Herausforderungen für die Zukunft

Entwicklung eines Unternehmens-spezifischen Orientierungsleitfadens mit Erklärung gemeinsam mit den Anwendern
Entwicklung eines Unternehmens-spezifischen Orientierungsleitfadens mit Erklärung gemeinsam mit den Anwendern
Foto: Joachim Hydacker

Aus technischer Sicht gibt es noch mehr Gründe, die für den langfristigen Einsatz der E-Mail sprechen. Im Gegensatz zu fast allen anderen Plattformen basiert die E-Mail-Technologie auf offenen und Hersteller-unabhängigen Standards. In den vergangenen Jahren gab es eine große Anzahl am unterschiedlichen Client- und Server-Anwendungen. Heute sind nur noch wenige Anbieter auf dem Markt. Für Unternehmen bedeutete das oft, dass sie ihre Anwender auf eine neue Infrastruktur bringen mussten.
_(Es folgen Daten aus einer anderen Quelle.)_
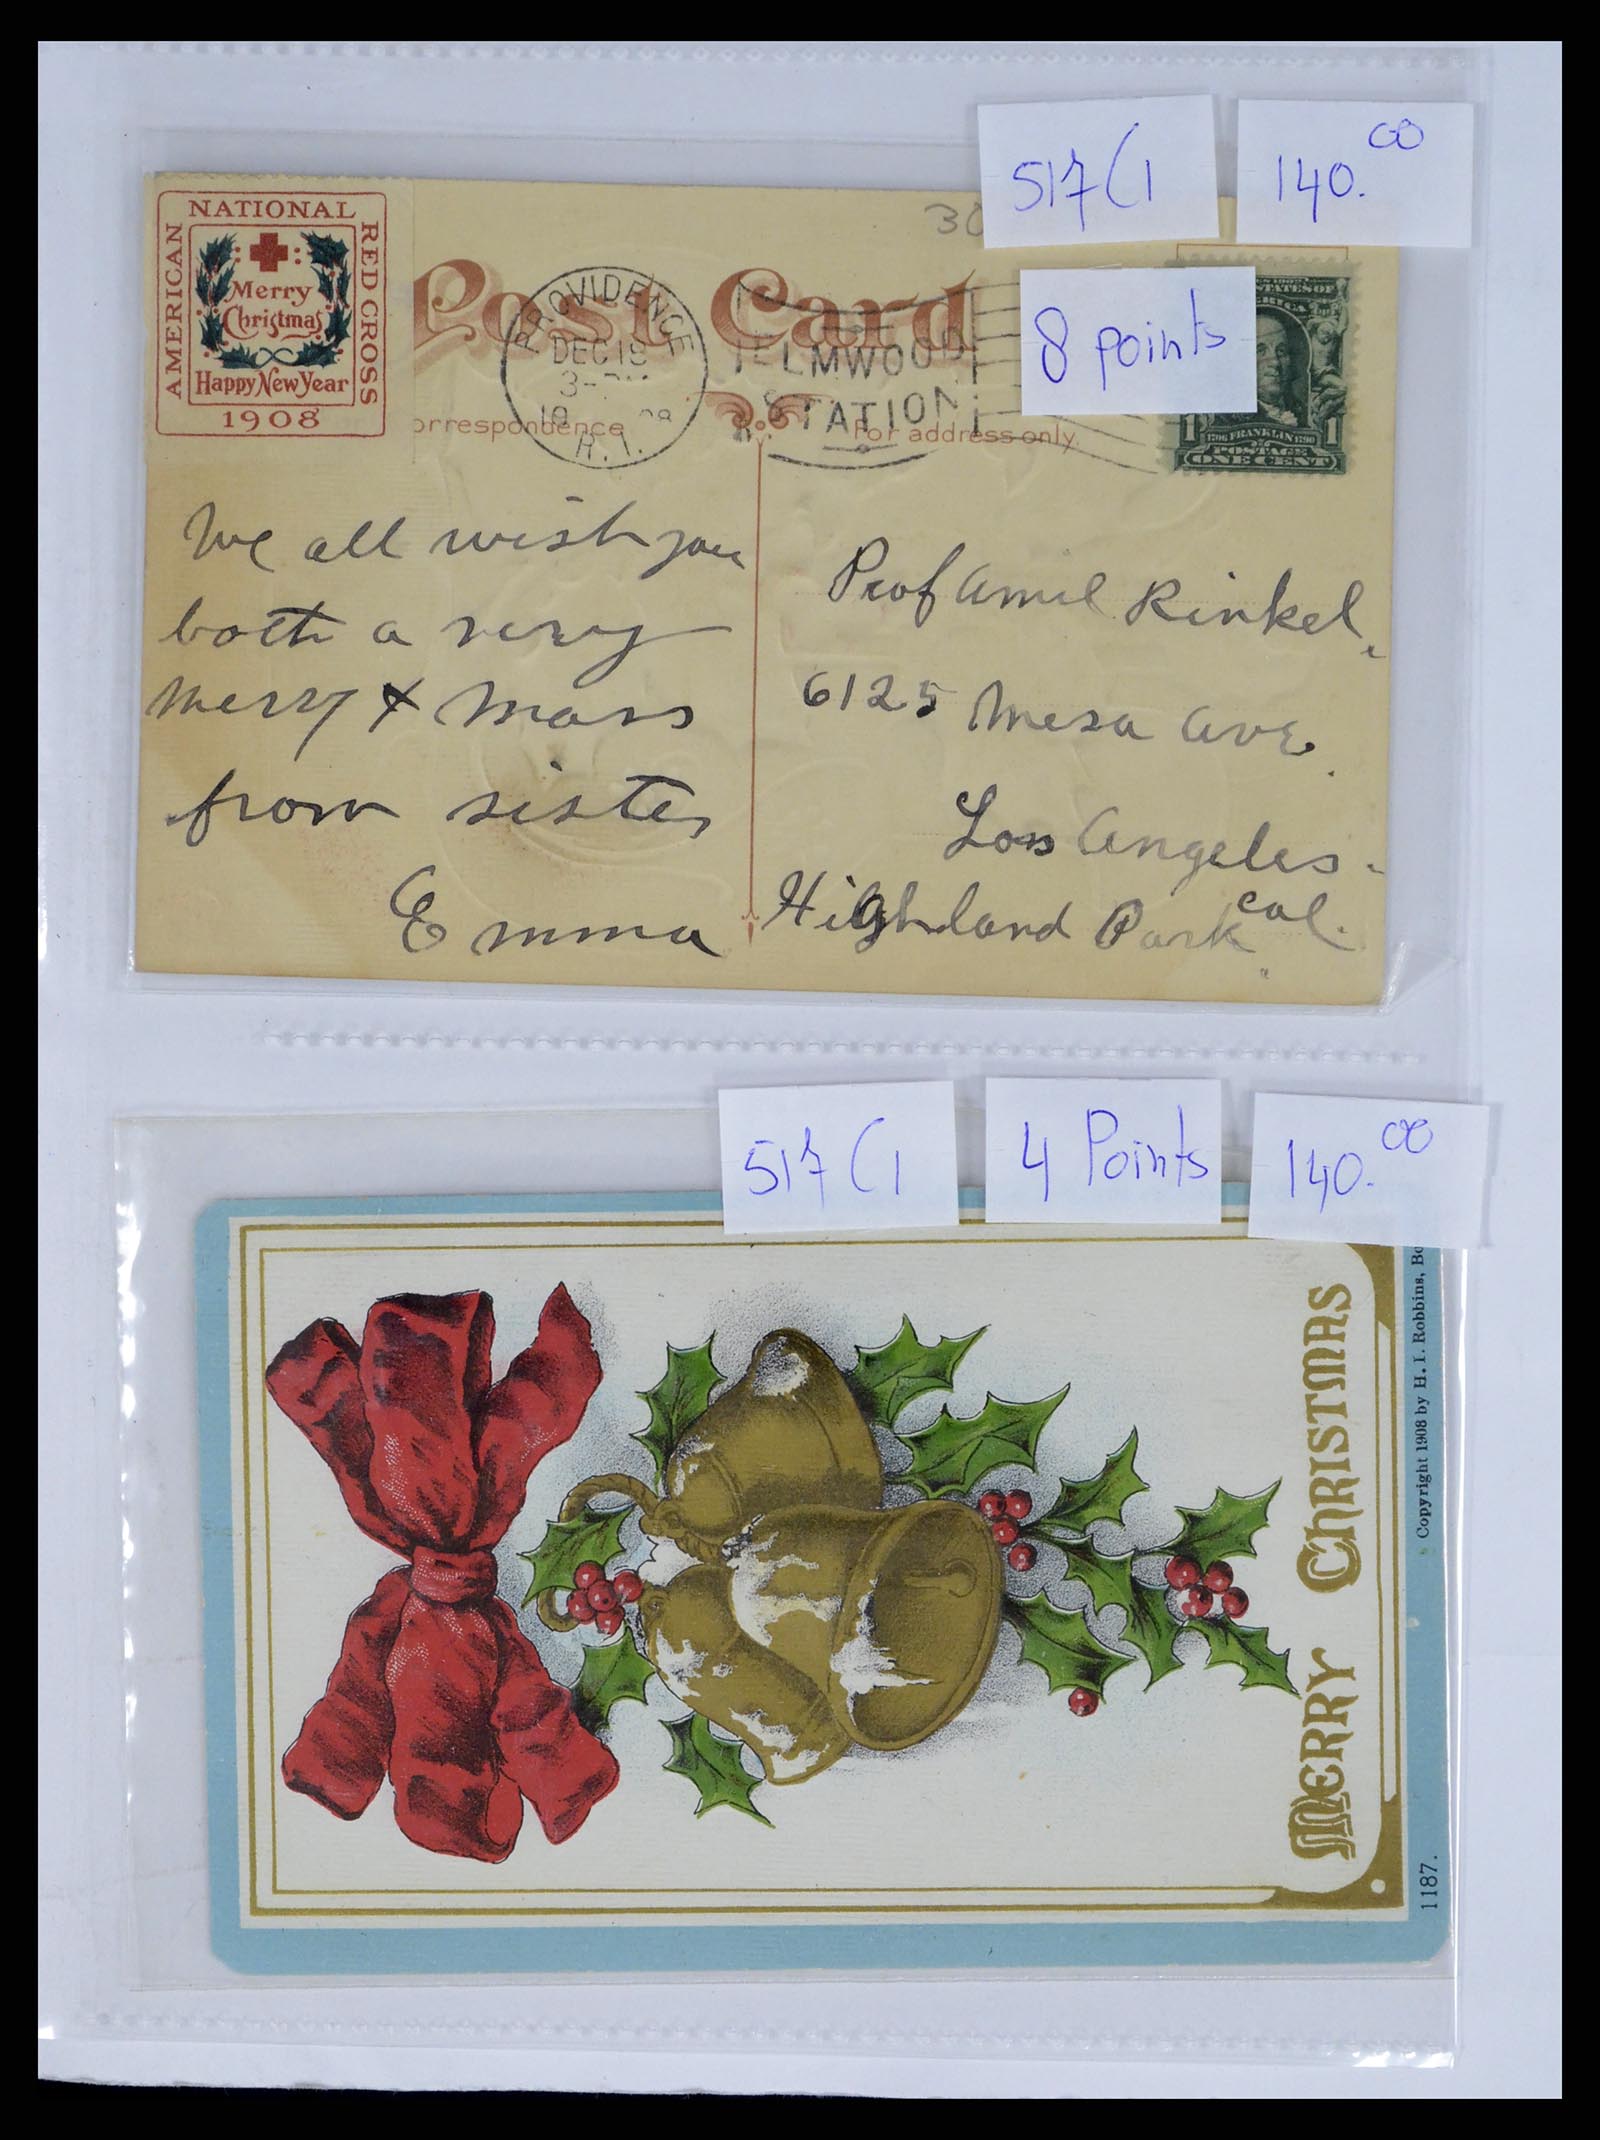 37668 057 - Stamp collection 37668 USA Christmas seals on cover 1908-2009.

Mitunter ist das ein aufwendiger Prozess, aber meist machbar. Mit den Social Network-Plattformen ist das kaum machbar und wenn, dann nur mit großen Verlusten an Daten und Strukturen.

Ein weiterer Pluspunkt ist das E-Mail Backend, auch wenn es kein attraktives Thema für das Management ist. Die E-Mail muss funktionieren, so wie sie es schon immer tut. Aber in Zeiten von OnPremise und Cloud, neuen Anforderungen an Sicherheit und Zuverlässigkeit sowie der Entwicklung neuer Einsatzszenarien (etwa die Verbindung mit Social Networks, Einbindung in die IoT-Welt) gibt es immer wieder neue Aufgabenstellungen, die die IT lösen muss. Dafür wird ein stabiles Backend benötigt.

Allerdings müssen sich die Unternehmen auch einigen Herausforderungen stellen, wenn sie vermeiden wollen, dass der Informationsaustausch per E-Mail immer mehr Aufwand erfordert:

E-Mail ist nur noch ein Werkzeug für den Austausch von Informationen unter vielen!

  • Sortieren sie ihre Palette an Softwareangeboten für ihr Mitarbeiter regelmäßig, ergänzen sie diese um fehlende Kommunikations- und Informationsaustausch-Werkzeuge (sonst machen es ihre Anwender alleine außerhalb ihres Unternehmens) und definieren und nutzen sie die Stärken der E-Mail.

Keine Schulungen mehr, sondern individuelle Anwendungskonzepte

  • Anwender müssen in der Regel nicht mehr geschult werden. Stattdessen muss der richtige Einsatz der vielfältigen Werkzeuge immer wieder gemeinsam neu entwickelt werden. Ein Werkzeug ist nur so gut, wie es eingesetzt wird. E-Mail erschlägt die Anwender deswegen, weil sie für "alles" verwendet wird.

Die E-Mail bleibt ein wichtiger Teil der Zukunft, aber nur wenn der Einsatz neu definiert wird

  • Die E-Mail ist da, sie wird bleiben und sie wird auch in modernen und agilen Unternehmen eine wichtige Rolle spielen. Aber es muss eine für die E-Mail passende Rolle sein. Ansonsten bleibt sie für viele Mitarbeiter eine Belastung und wird um 18 Uhr abgeschaltet.